第27回:いつかは咲かす大輪の花~達成可能な最善を認識する

2024.06.27酒井 郁子(千葉大学大学院看護学研究院附属専門職連携教育研究センター センター長・教授)

 いよいよ梅雨に入りましたが、パリオリンピックに向けていろいろな競技で準備が進んでいるようですね。あと少しで夏休み、皆さんお楽しみの準備計画の進捗状況はいかがですか? ところでカピバラは、認定看護管理者の研修でサービスの質管理などを担当する機会をいただき、「質」「quality」ってなんじゃい、ということを考えることが多くありました。今回は「医療の質」ということを考えてみたいと思います。

アスリートの自己ベスト

 とある水泳選手のインタビュー動画をぼんやり見ていたら、「自己ベストとは、過去の自分が出した記録なので、常にそれを超えるパフォーマンスを出そうと思っている。過去の自分を超えることが今目指すこと」であるという主旨のことを話していました。トップアスリート、それも世界でメダルを狙う位置にいる選手は、他の選手との闘いというよりも、自分との闘いとなるのね、と感じ入ったカピバラでござる。
 ひるがえって、これまでの(人生ならぬ)カピバラ生を振り返ると、超えるべき「公認過去のカピバラベスト記録」というものはもちろんなく、むしろ、山あり谷あり砂漠ありの仕事人生、アカデミア的なところで生きてるだけでまるもうけ、カピバラ教授連載なんていうこともさせてもらえているのは、ありがたや、の一言に尽きます。ですけど、特別なサムシングがあるわけではない不肖カピバラにも、あともう少しにじり寄りたいことはあるでござる。

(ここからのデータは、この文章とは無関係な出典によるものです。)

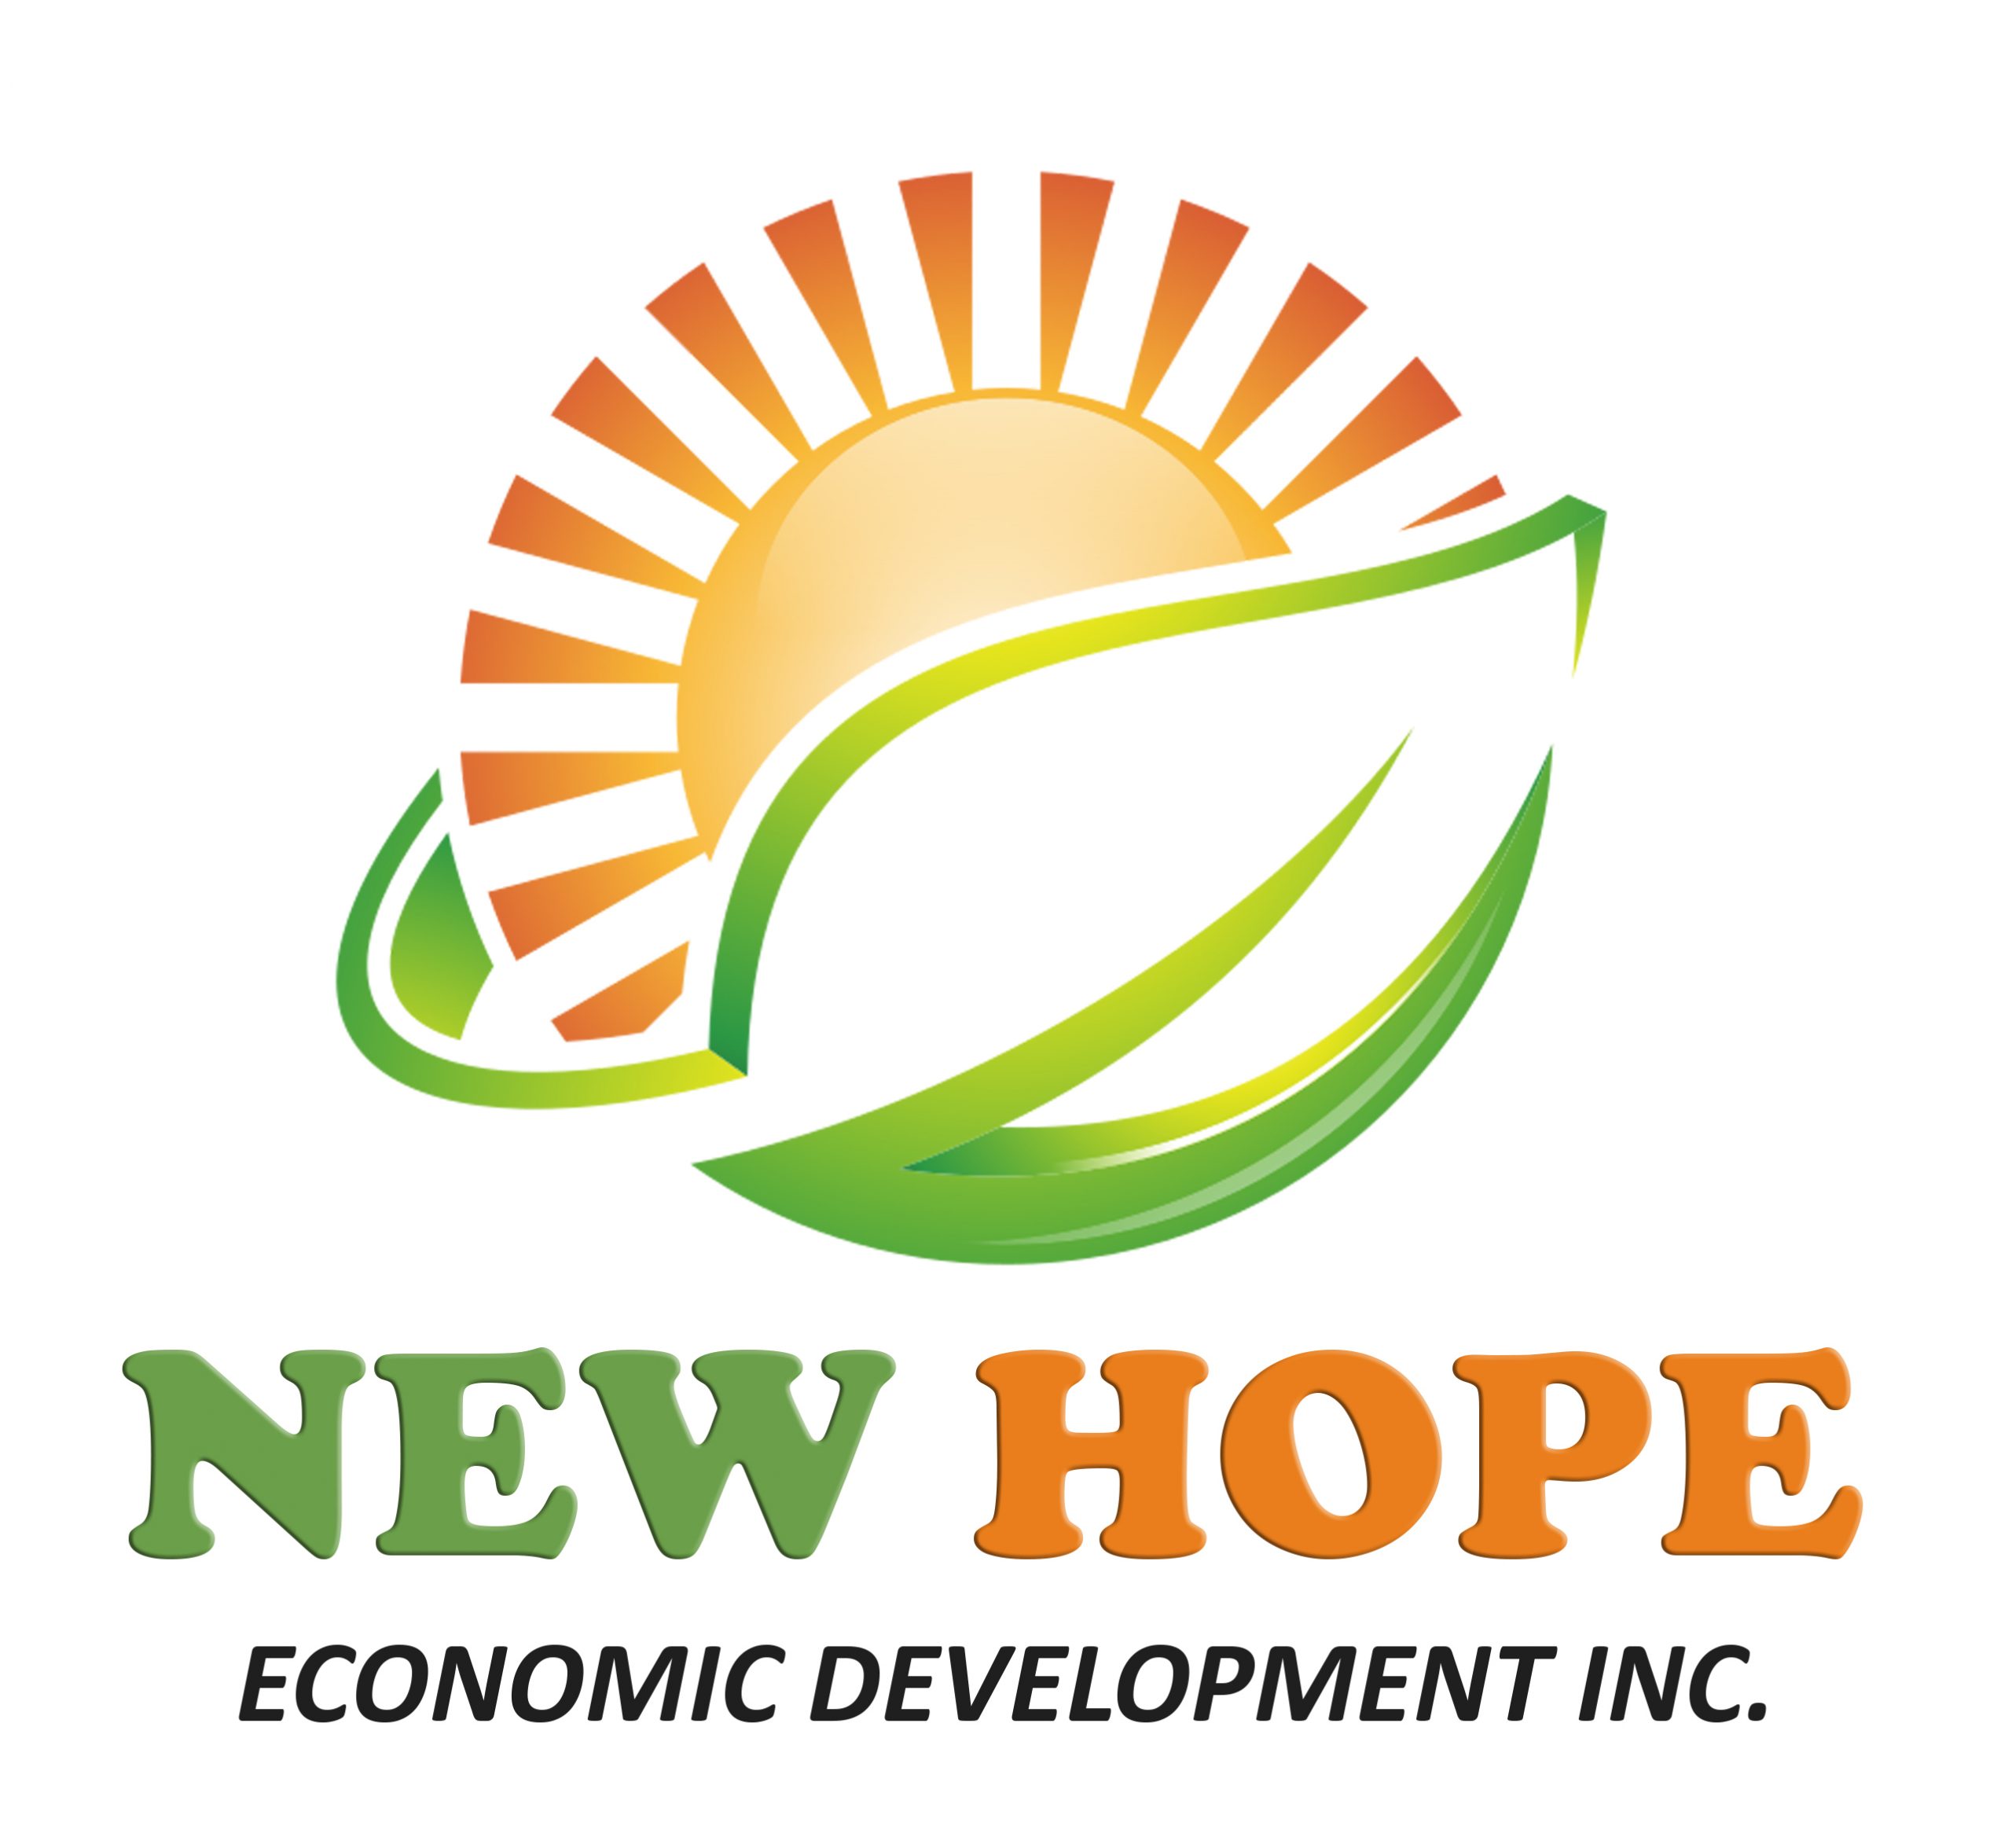 New Hope Economic Development

韓流ドラマ『賢い医師生活』にみる「最善を尽くします」

 読者の皆さまの中には、韓流ドラマ『賢い医師生活』をご覧になった方も多くいらっしゃるでしょう。カピバラは先日、2周目を完走しました。2回目なのにといいますか、2回目だからこそといいますか、やはりよいドラマでした。
 このドラマには、天才外科医とか、大事故でのER大量受け入れとか、何か事件に巻き込まれる医療者主人公とか、災害時のプレホスピタル対応とかはまったく出てきません。4人の中堅外科医の生活と仕事、取り巻く人々の日常のあるあるな出来事など、ドラマは淡々と進んでいくのですが、それでも病院という場で患者さんとその家族が笑い、泣き、苦悩し、幸せになるその様子、医療スタッフの差し出がましいわけではない患者・家族への気遣いには毎回グッとくるものがあります。
 4人の中堅の外科医たちは、それぞれ専門が違うのですが、大学時代からの友情のもと、言いたいことを言い合いながら強い信頼に結ばれています。この4人がそれぞれ自分の担当の患者さんと家族に手術の説明をするシーンで、病状と術式、術後の経過などを話した後、「最善を尽くします」と言うのです。難しい手術ですが、状態はよいわけではないのですが、と状況をわかりやすく話したあと、このようにおっしゃる。おおよそ2話のうち一回はだれかがこのようなセリフを言っています。
 決して楽観的な話をするわけではありませんし、ひたすら、起こりうる「よくないこと」を羅列するようなインフォームドコンセントをするわけでもない。根拠に基づき、淡々と誠実に説明して、最後に普通のトーンで「ですが、最善を尽くします」と言う。この時の最善は、自分の身を犠牲にして実践する最善ではありませんし、実現可能性は低いけどうまくいったら成功するかも、とかそういう最善ではありません。不確実な先の見えない医療現場で診療ケアの利益とリスクを患者と共有し、今の自分(と医療スタッフ)にできることのうち、患者さんにとってもっともよいと思われることをやります、という宣言のような誠意の言葉です。このようなシンプルな言葉に、患者と家族はどれだけ心が休まり、勇気づけられるだろうか、と思います。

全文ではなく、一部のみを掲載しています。